▶ [Records provided]

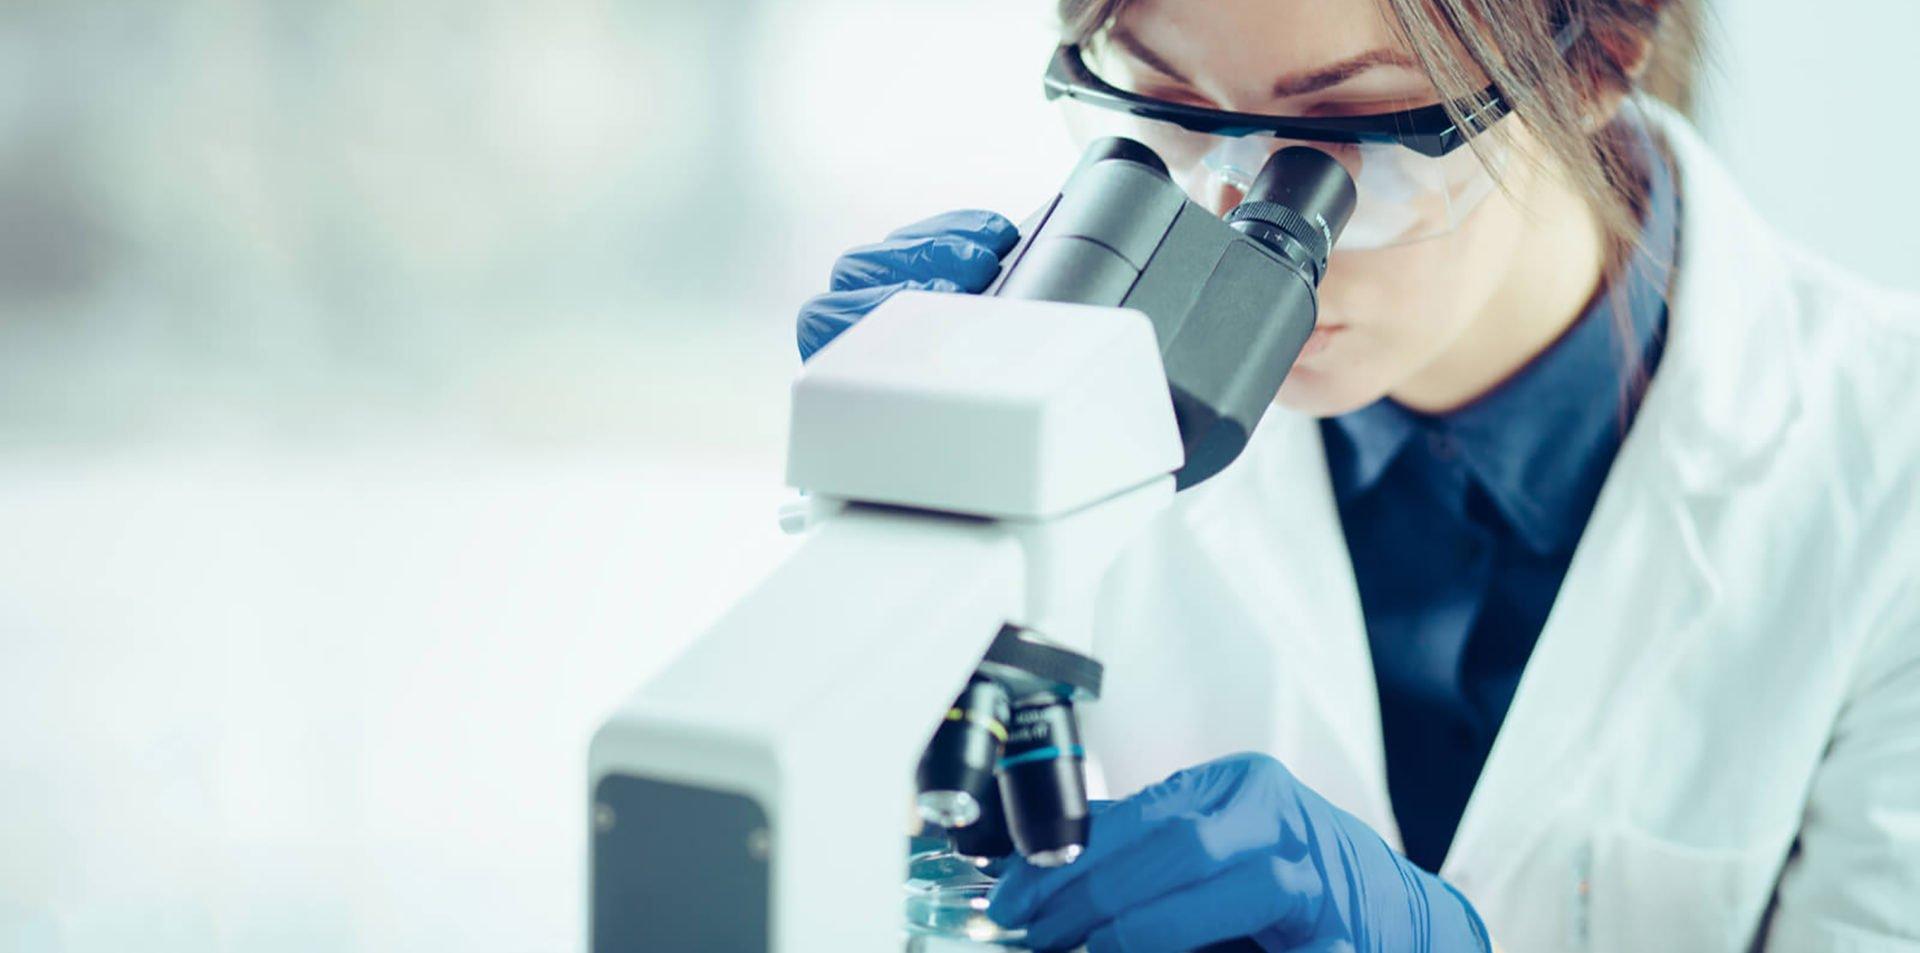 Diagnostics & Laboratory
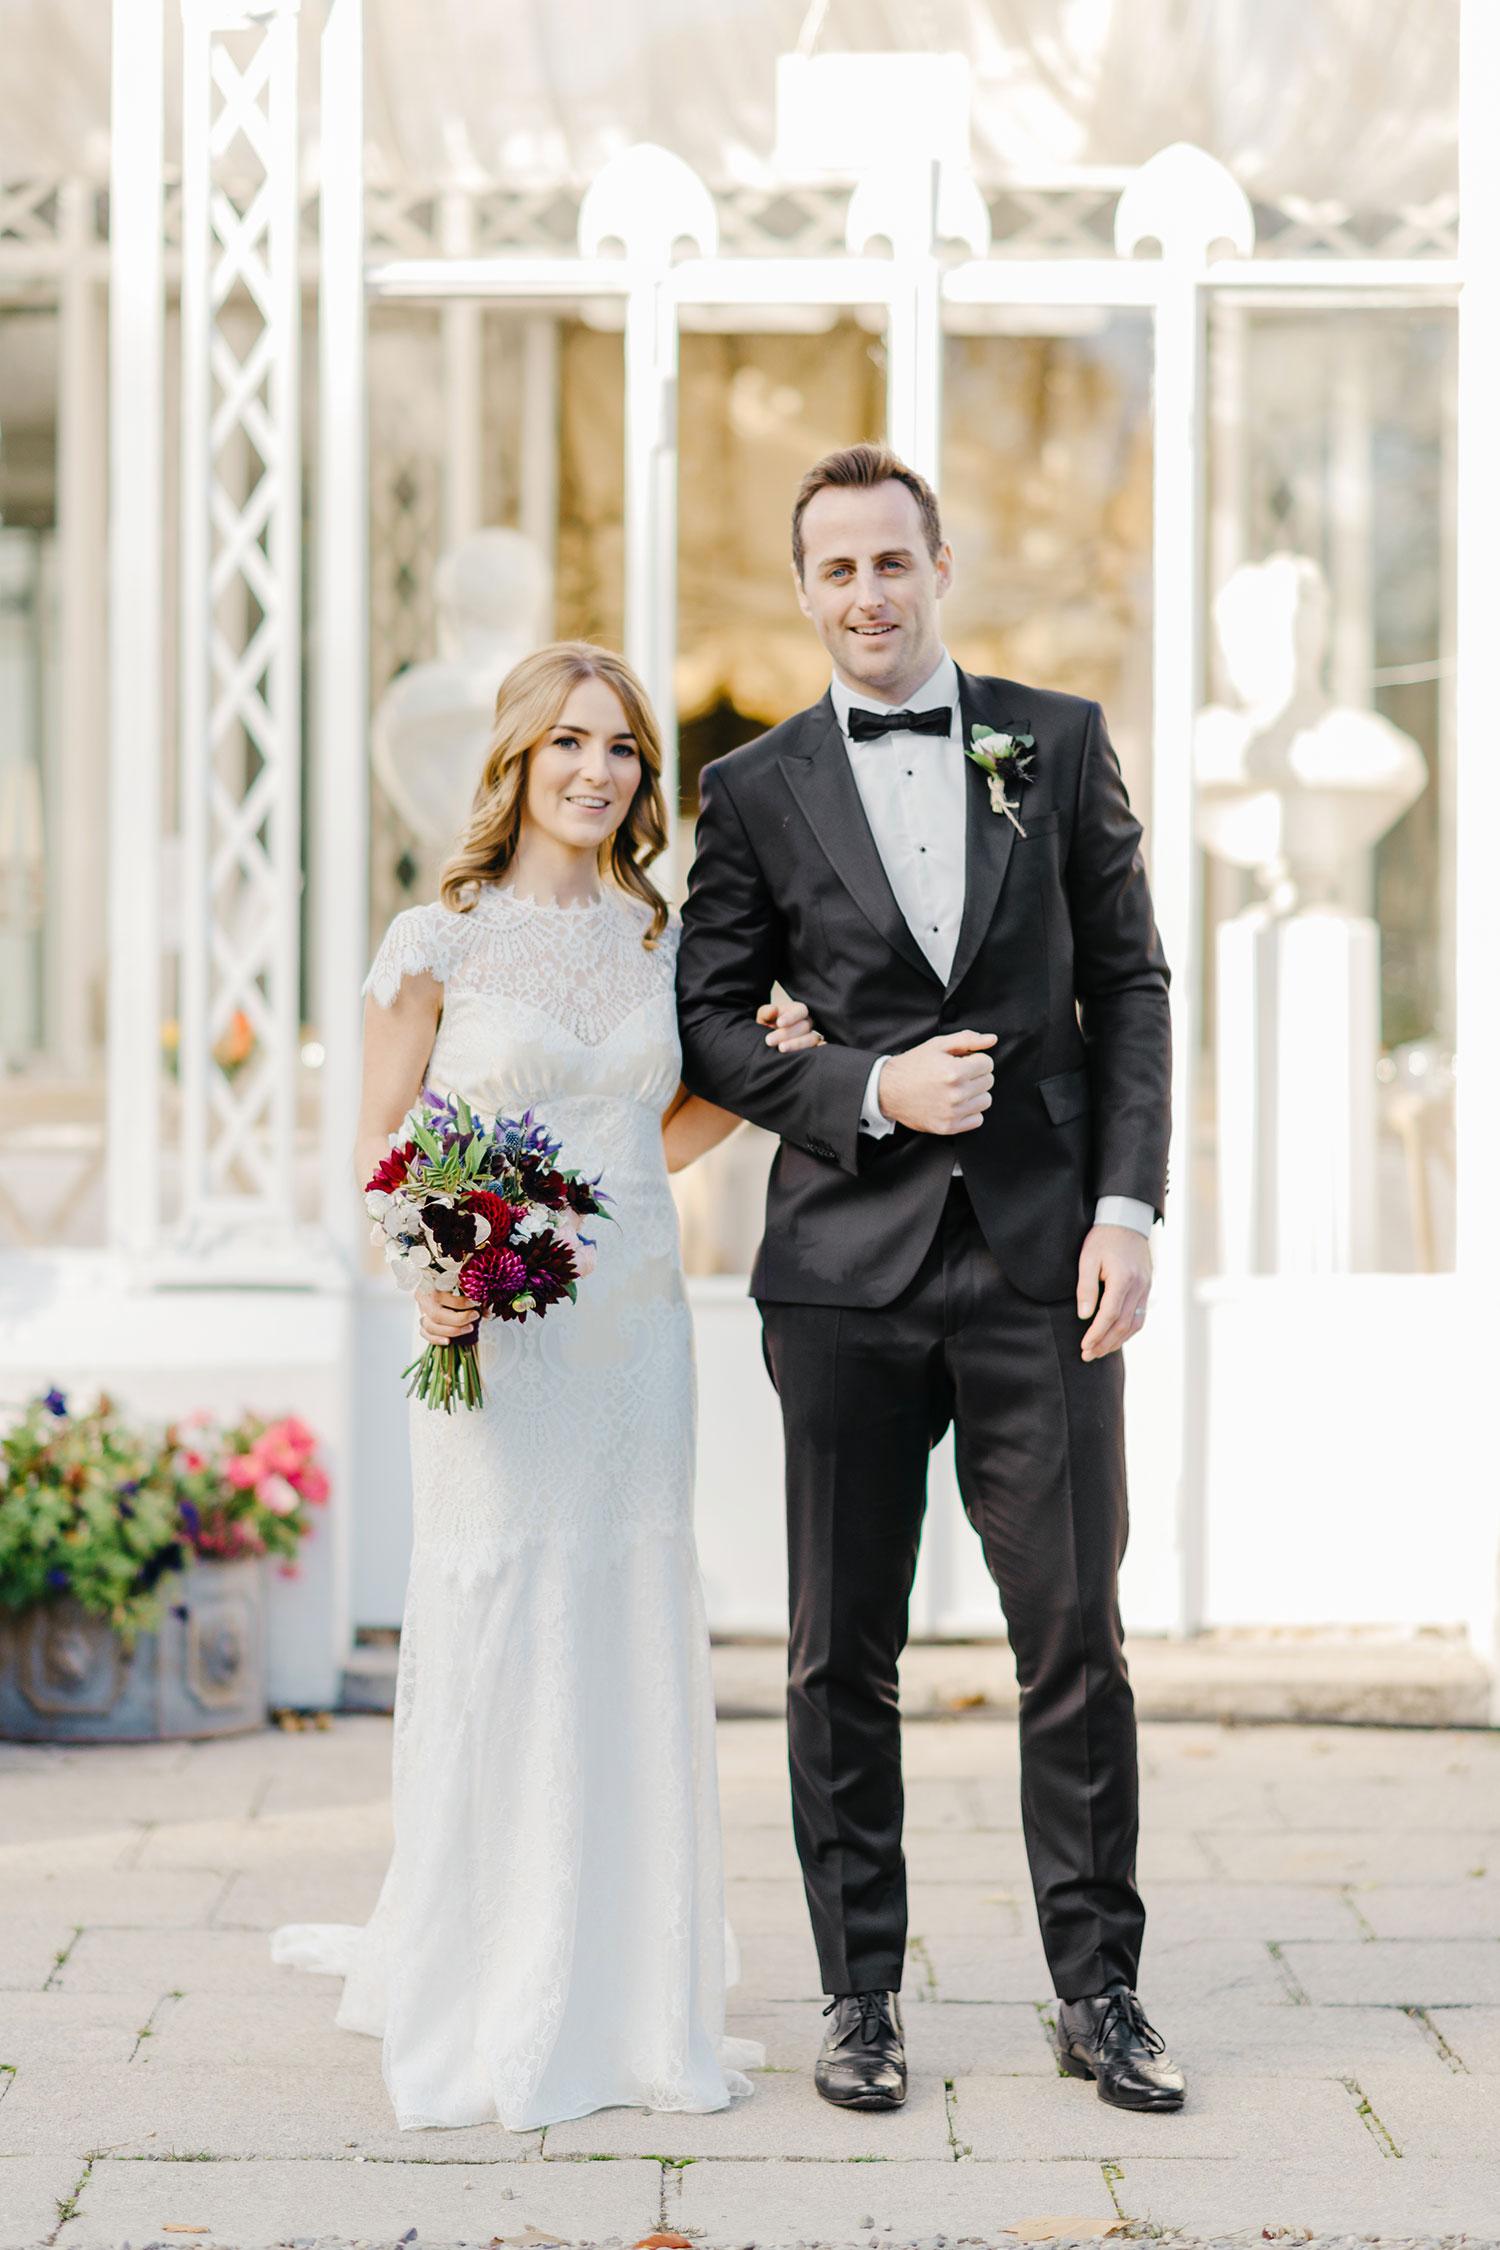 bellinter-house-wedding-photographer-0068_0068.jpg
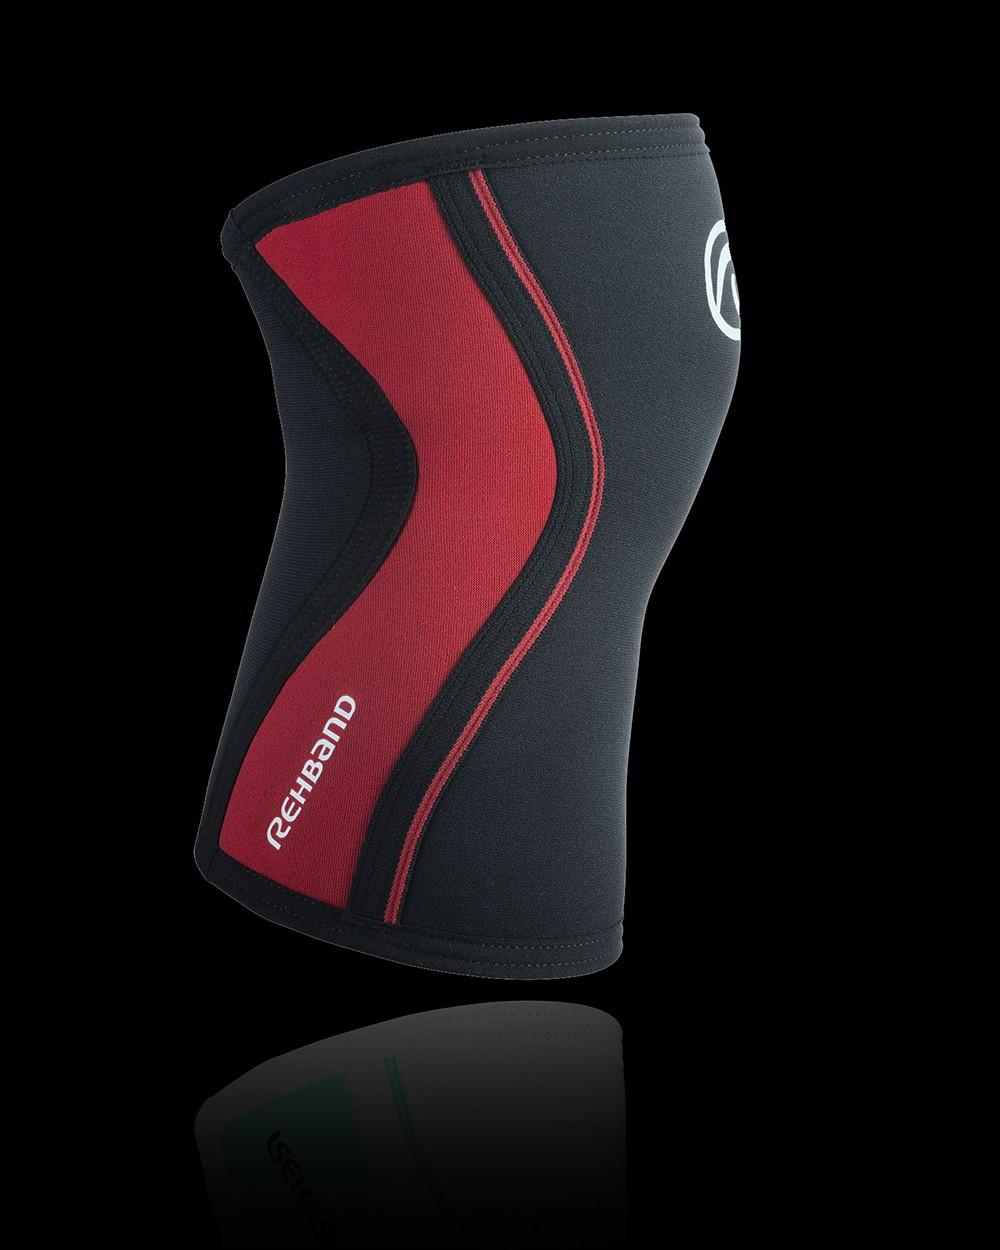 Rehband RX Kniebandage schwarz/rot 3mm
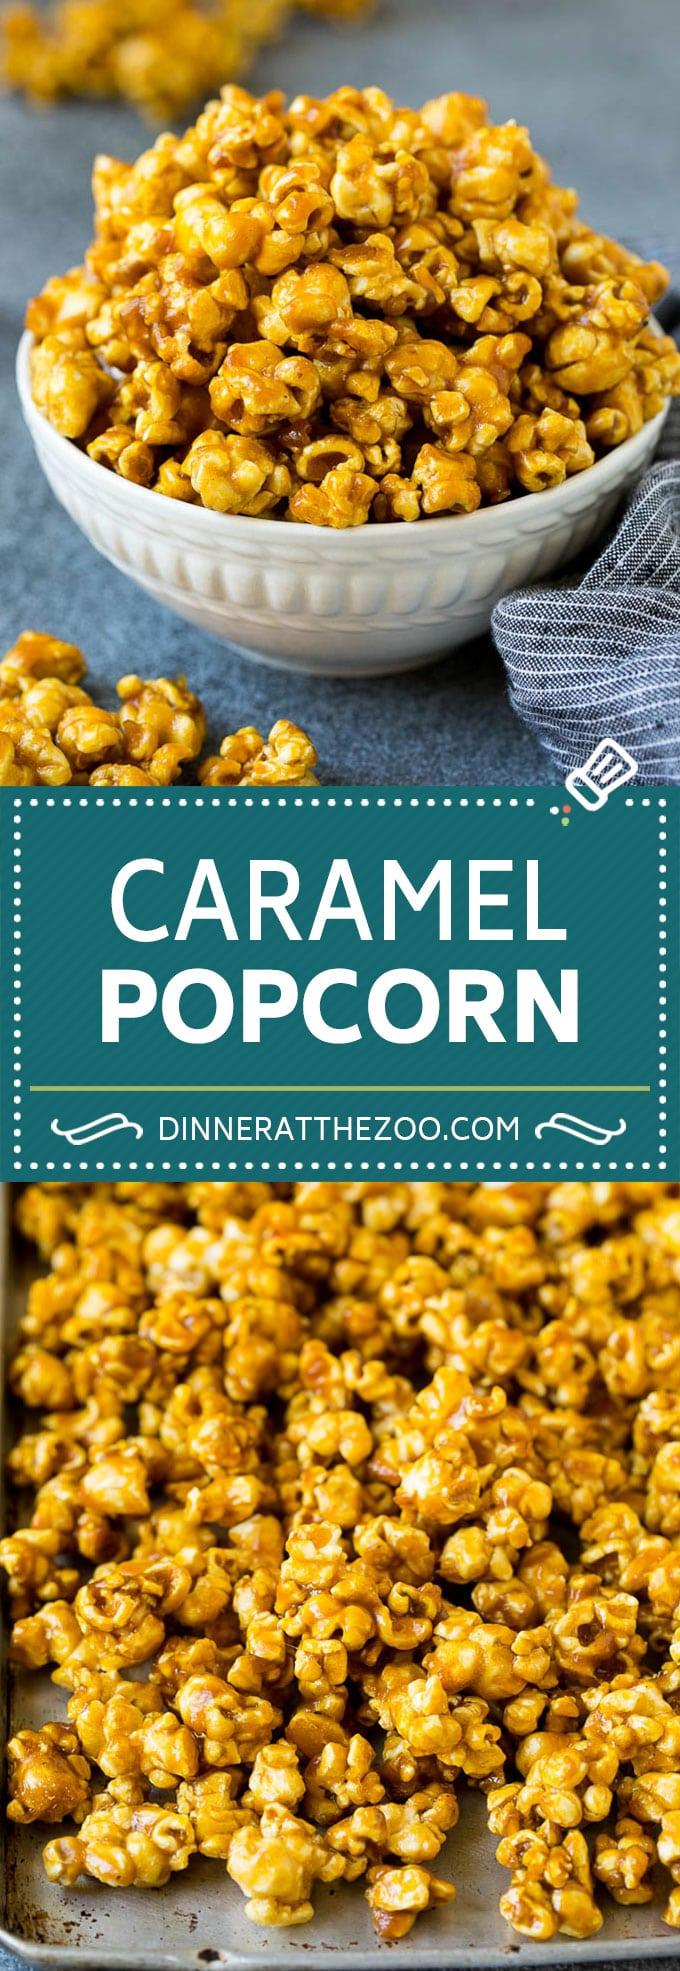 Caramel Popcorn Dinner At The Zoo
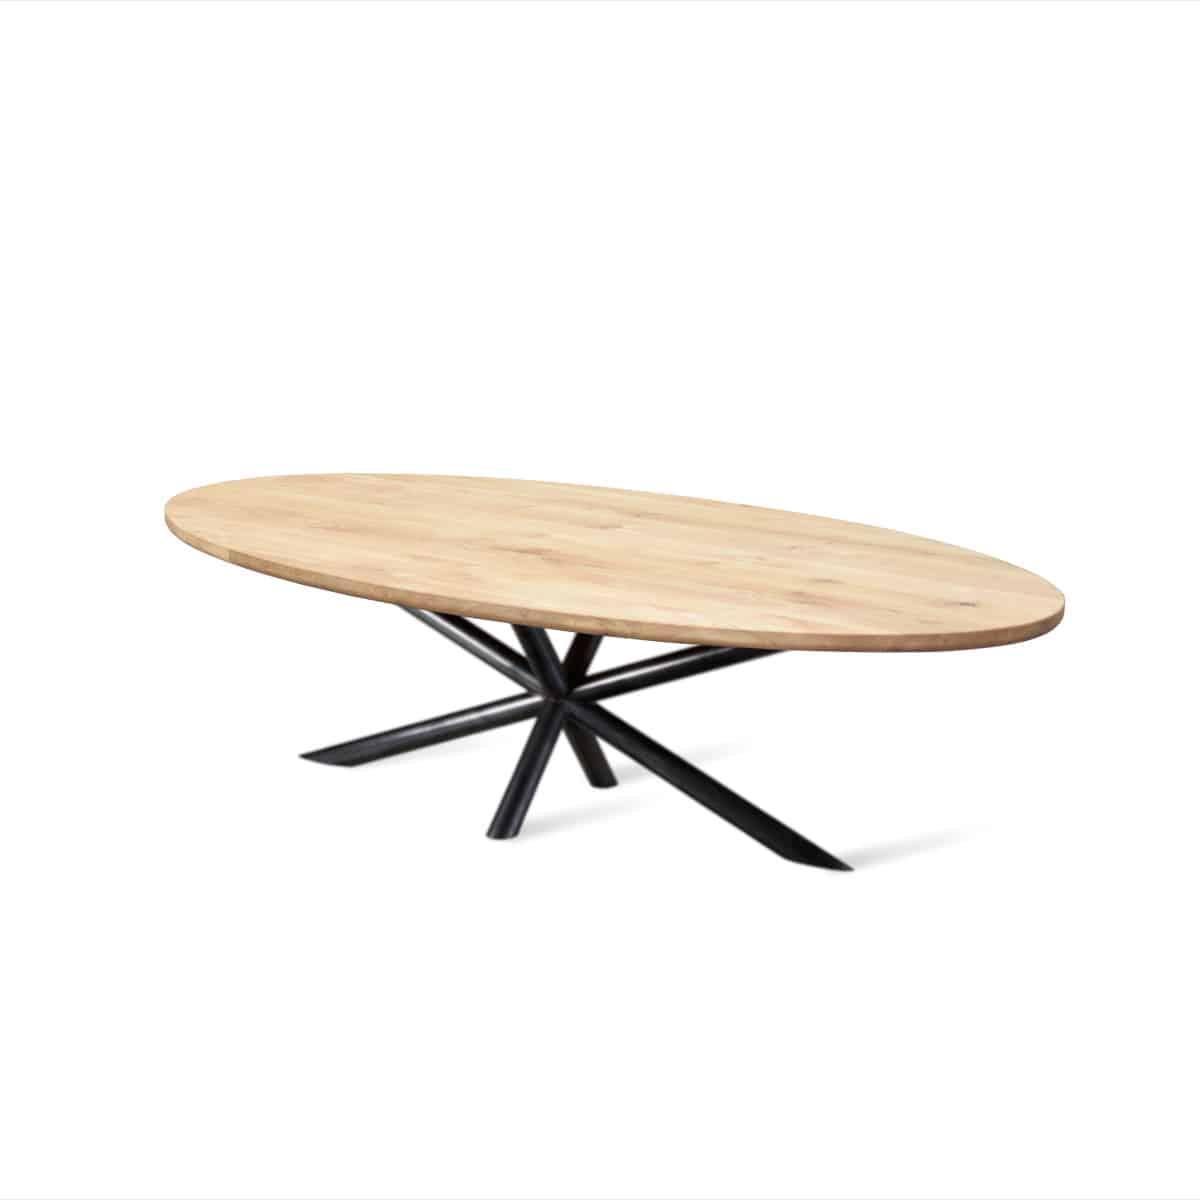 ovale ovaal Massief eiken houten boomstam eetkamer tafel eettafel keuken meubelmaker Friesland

▶ [Your assignment] Please write out exactly the lines from the one containing "Rehband RX Kniebandage schwarz/rot 3mm" through the last line of the records above, and leave out any pictures.

▶ [Response]
 Rehband RX Kniebandage schwarz/rot 3mm
 Caramel Popcorn Dinner At The Zoo
 ovale ovaal Massief eiken houten boomstam eetkamer tafel eettafel keuken meubelmaker Friesland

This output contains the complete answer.